Pleurotus citrinopileatus water extract has many medicinal properties including antitumor functions (Zhang et al., 1994), immune modulating activity (Minato, 2008; Minato, Laan, Ohara, & Die, 2016), antihyperglycemic function, and blood‐lipid‐lowering effect (Hu, Wang, Lien, Liaw, & Lee, 2006). Consumption of high‐fat diet can result in impaired pancreatic function of insulin secretion, leading to glucose intolerance. PWE improved the condition of the DIO mice in glucose intolerance, which is a prediabetic state of hyperglycemia that is closely associated with obesity or metabolic syndrome (Huang, Chiang, Yao, & Chiang, 2010; Zhao & Castonguay, 2017). We further found that PWE treatment reduced body weight gain in DIO mice resulting from low food intake and food efficiency ratio as well as inhibition of adipogenesis. Therefore, PWE inhibited energy intake of mice and thus slowed down the positive energy balance with aging.

The anti‐obesity function of PWE was not caused by any toxic effect evidenced by the organ indices and serum biochemical factors. We did not find any apparent pathological change in any organ examined of the mice. Although some DIO mice showed reduced organ indices of heart, lung, liver, and kidney relative to the whole‐body weight, this was likely because of increased body weight instead of dysplasia. A high‐fat diet did not cause any significant change in several enzymes including ALT, AST, ALP, and LDH. On the contrary, PWE decreased the activity of AST and LDH as well as the CREA content indicating its potentially positive effect on liver and kidney functions.

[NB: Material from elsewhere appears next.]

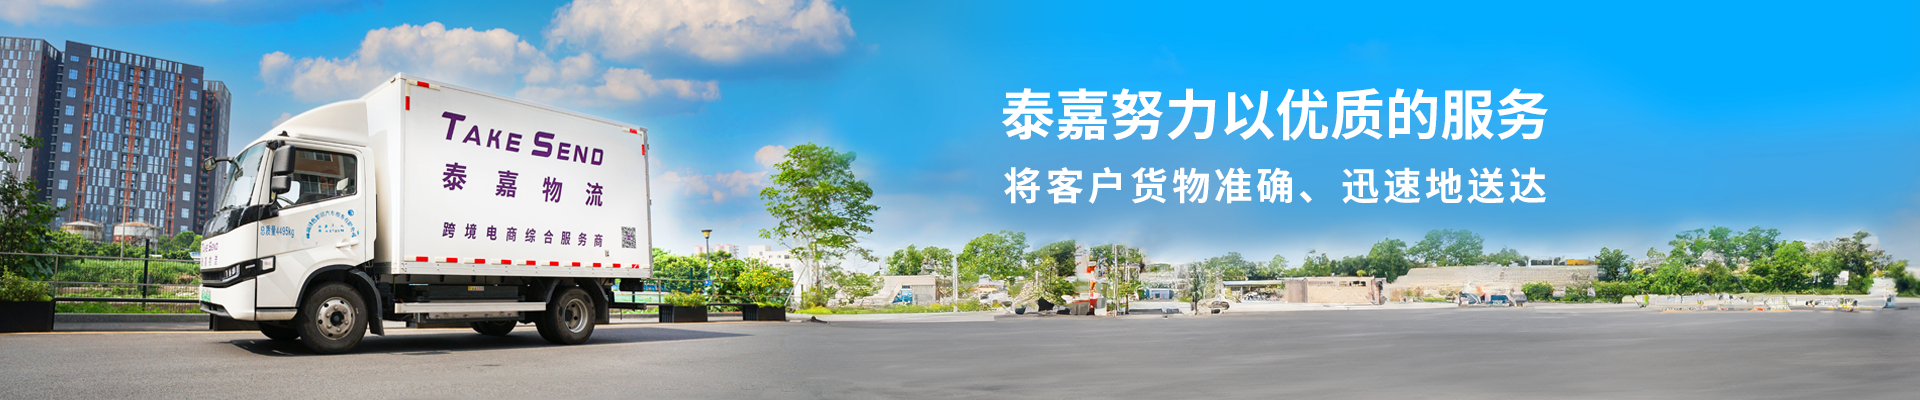 深圳泰嘉物流公司致力于提供專業優質的國際快遞服務1

Oral administration of PWE improved lipid profile of DIO mice in a dose‐dependent way, suggesting that PWE had therapeutic potential to prevent diet‐induced hyperlipidemia. This also explained a previous report that 5% P. citrinopileatus diet decreased the atherogenic lipid profile in the hypercholesterolemic rats (Alam, Yoon, Lee, Lee, & Lee, 2011). In addition, we found the blood glucose condition including the fasting glucose level and glucose tolerance were all improved by PWE in DIO mice. This was consistent with the previous research that water‐soluble polysaccharides extracted from fermented P. citrinopileatus alleviated the diabetic symptoms of diabetic rats as well as improved lipid profile (Hu, Wang, et al., 2006).

CONCLUSIONS

Our research firstly provided evidence that the PWE had potential in the prevention of obesity and prediabetes in mice. As obesity is usually associated with compromised oxidative condition, dyslipidemia (Franssen, Monajemi, Stroes, & Kastelein, 2011; Higdon & Frei, 2003; Kose et al., 2014), and deranged immune system (de Heredia, Gómez‐Martínez, & Marcos, 2012), its anti‐obesity effect is likely to be attributable to its ability of enhancing the activities of antioxidant enzymes, promoting the expression of their isozymes (Liu, Tao, Cheng, & Zhou, 2011), and modulating the immune functions (Minato et al., 2016). However, future study is required to illuminate its anti‐obesity mechanism and further characterize the fractions in PWE.

CONFLICT OF INTEREST

The authors declare that they do not have any conflict of interest.

ETHICAL REVIEW

This study was approved by the Institutional Review Board of China Agricultural University.